Transcribe the listing exactly, so that nothing but the pictures is missing.

====== AVAILABLE DATA ======

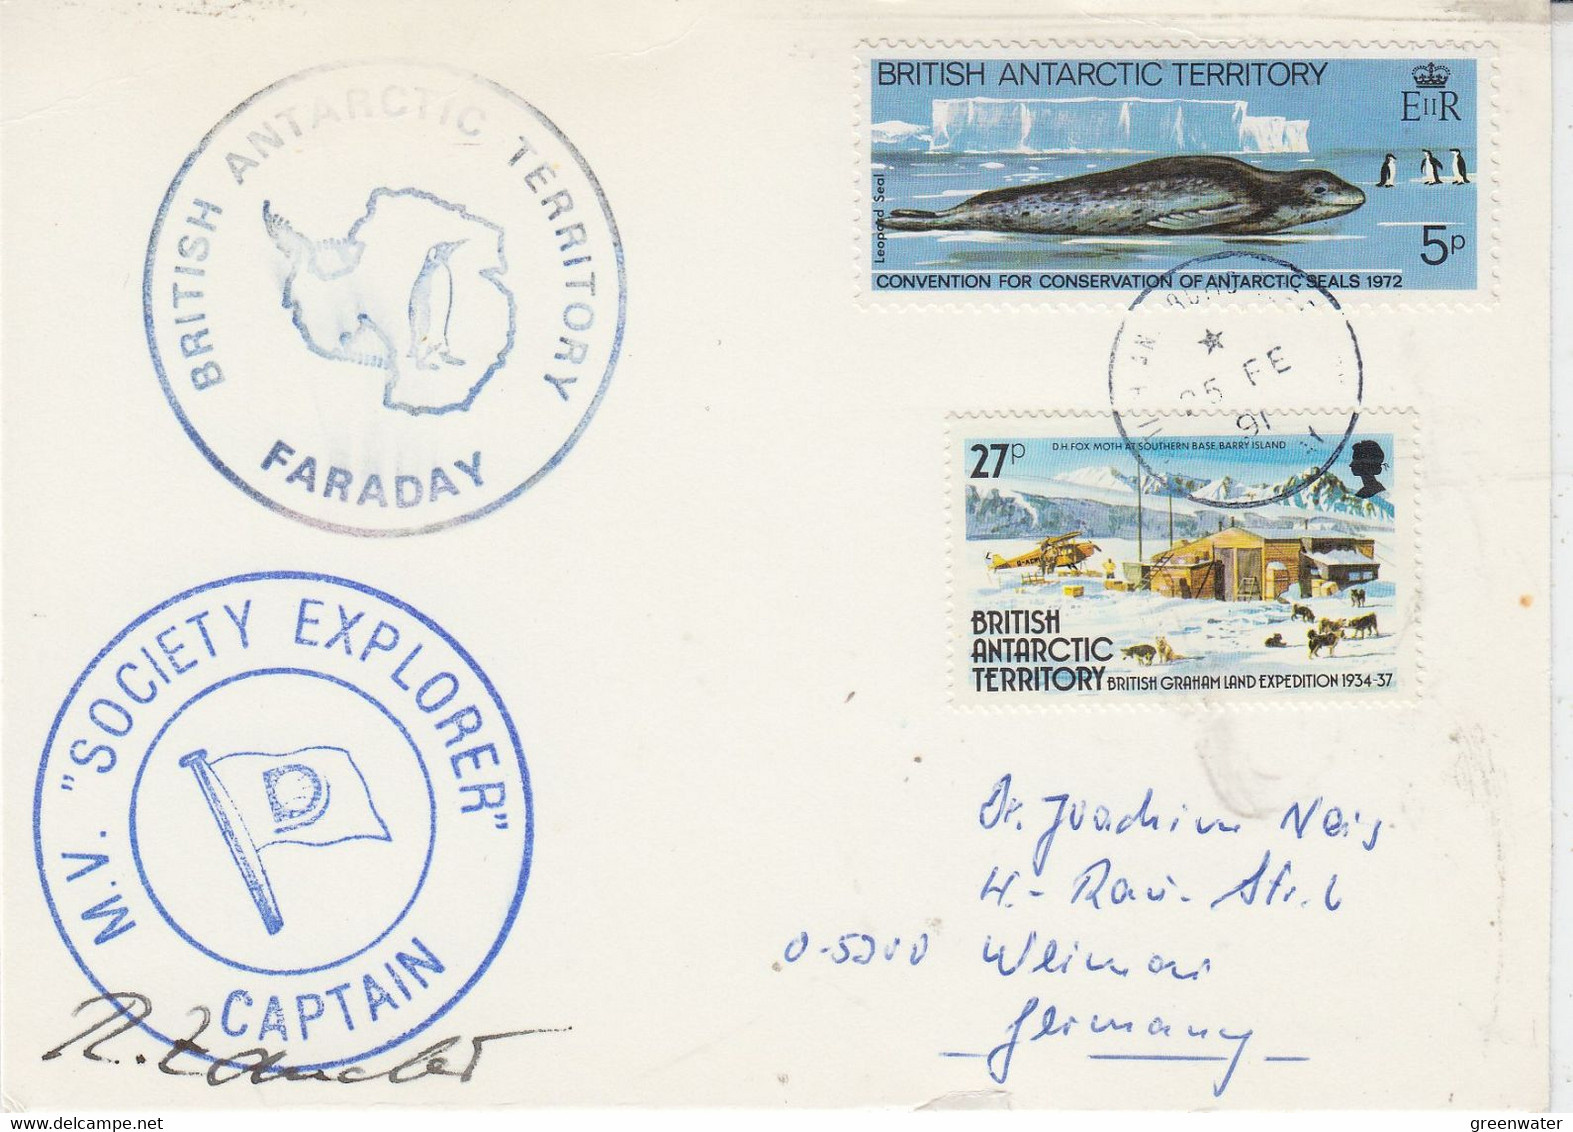 British Antarctic Territory (BAT) Ca MV Society Explorer Ca Captain Card  Ca Faraday 25 FE 1991 (AT174) - Covers & Documents
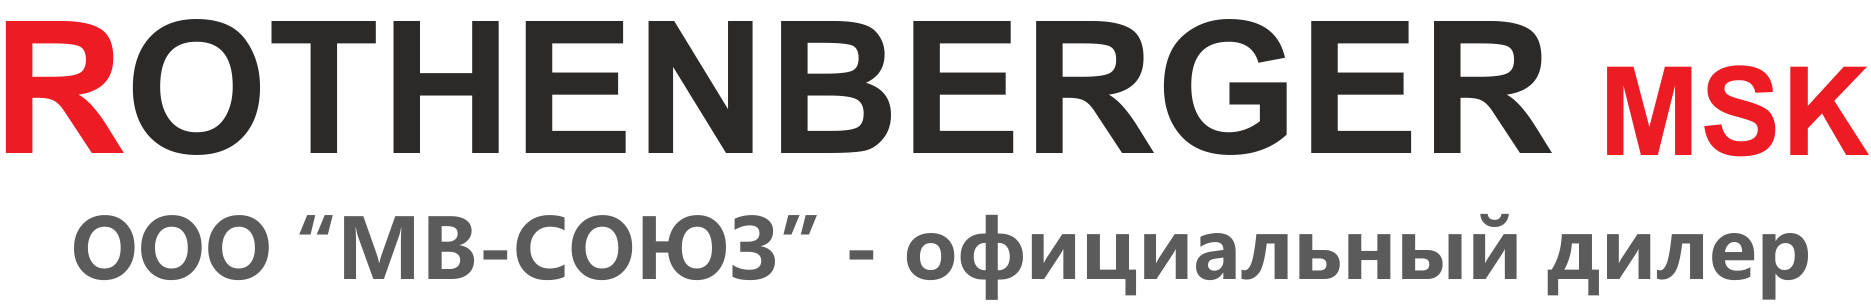 Интернет магазин rothenberger-msk.ru
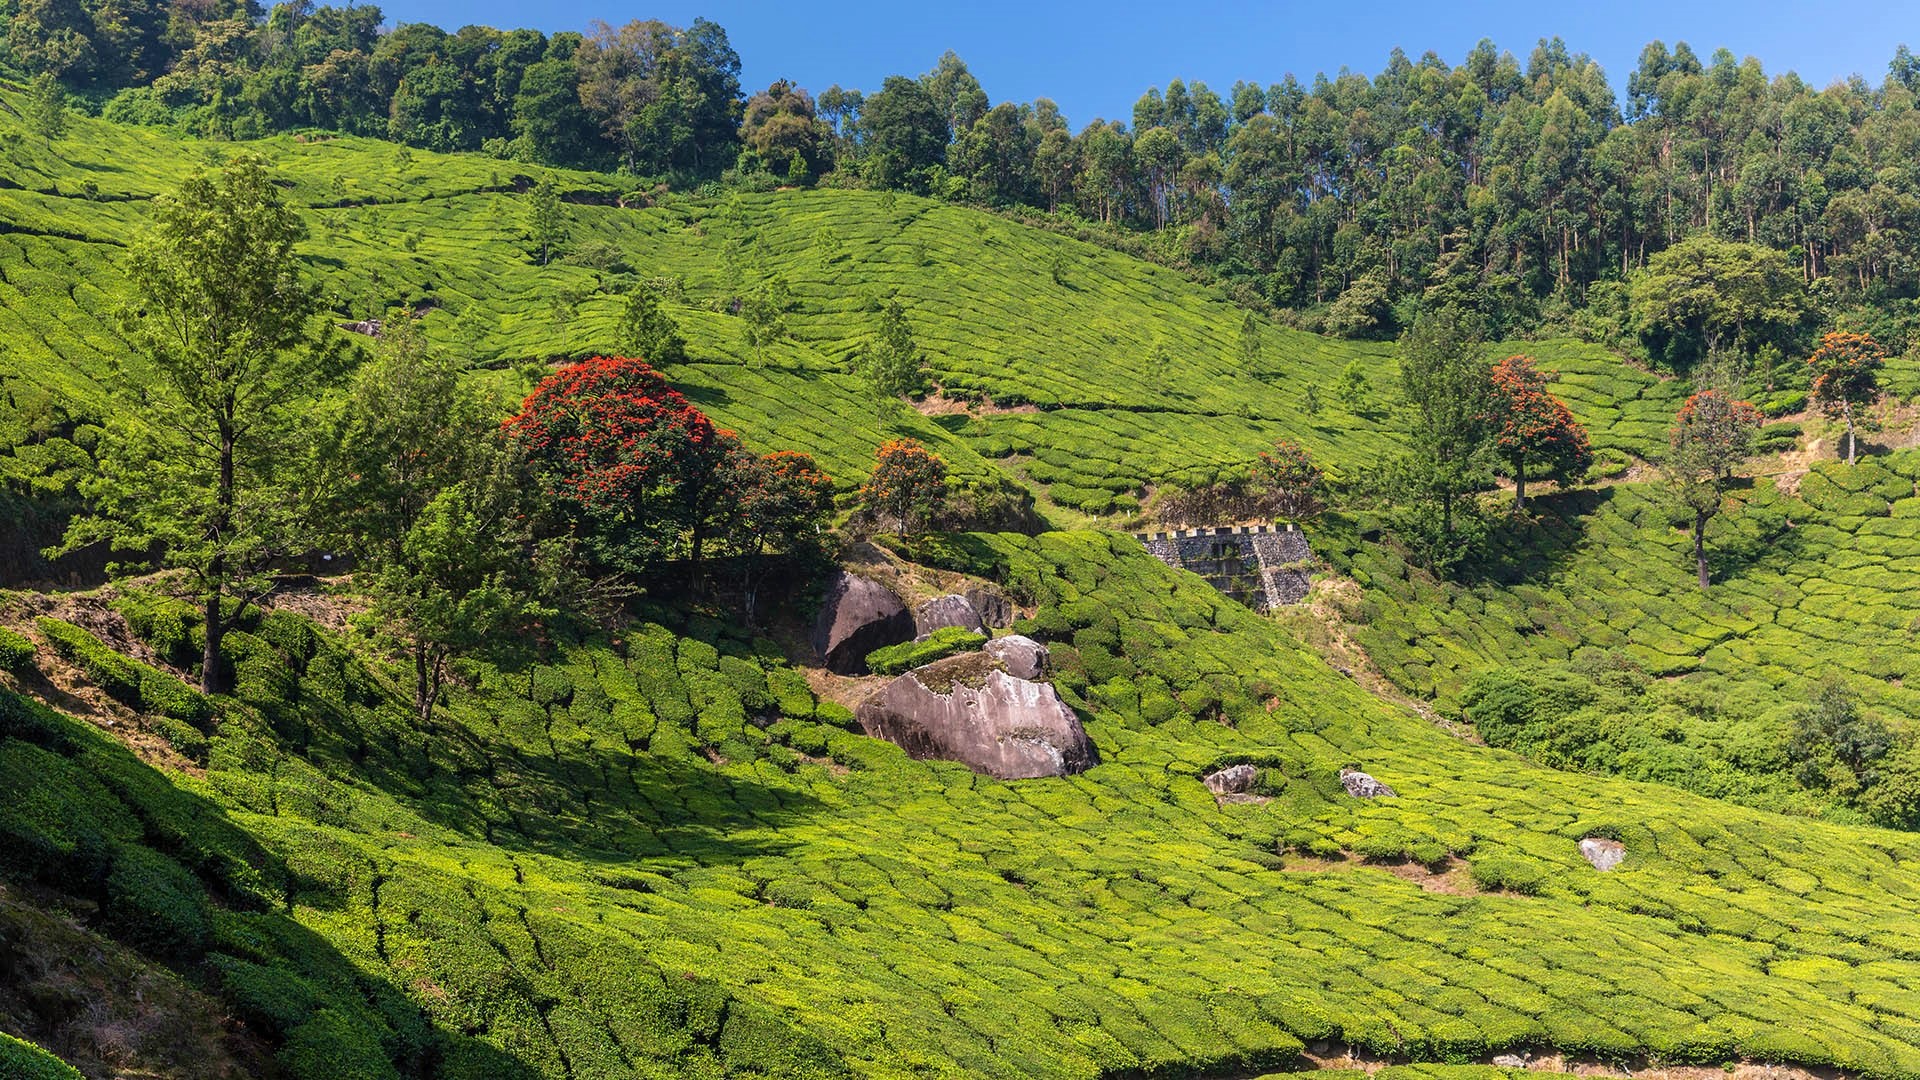 General 1920x1080 nature landscape trees field farm plants rocks sky tea plant Kerala India Munnar
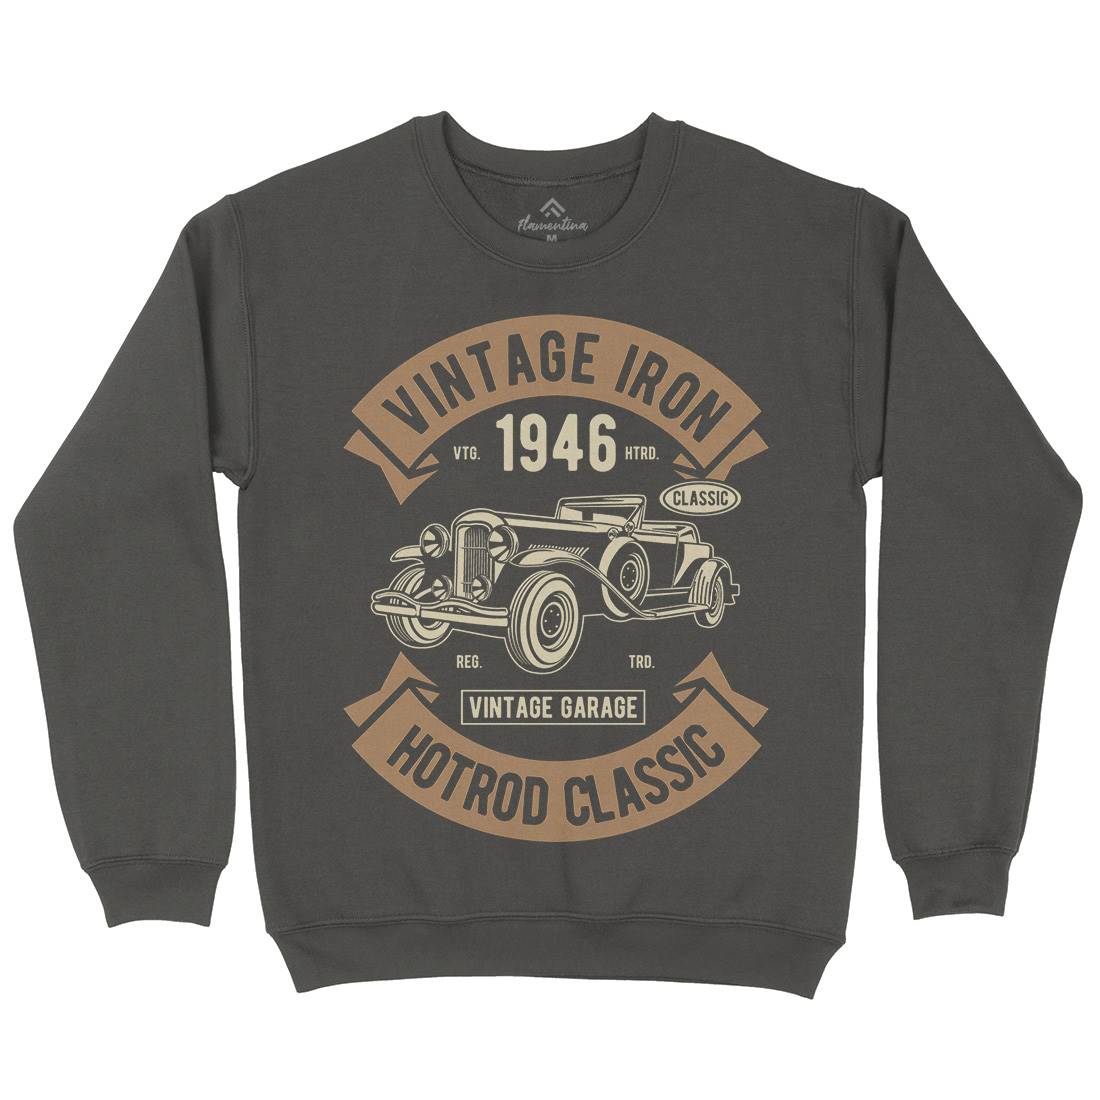 Vintage Iron Classic Kids Crew Neck Sweatshirt Cars D595

======

• _TASK OUTPUT_
 British Antarctic Territory (BAT) Ca MV Society Explorer Ca Captain Card  Ca Faraday 25 FE 1991 (AT174) - Covers & Documents
 Интернет магазин rothenberger-msk.ru
 General 1920x1080 nature landscape trees field farm plants rocks sky tea plant Kerala India Munnar
 Vintage Iron Classic Kids Crew Neck Sweatshirt Cars D595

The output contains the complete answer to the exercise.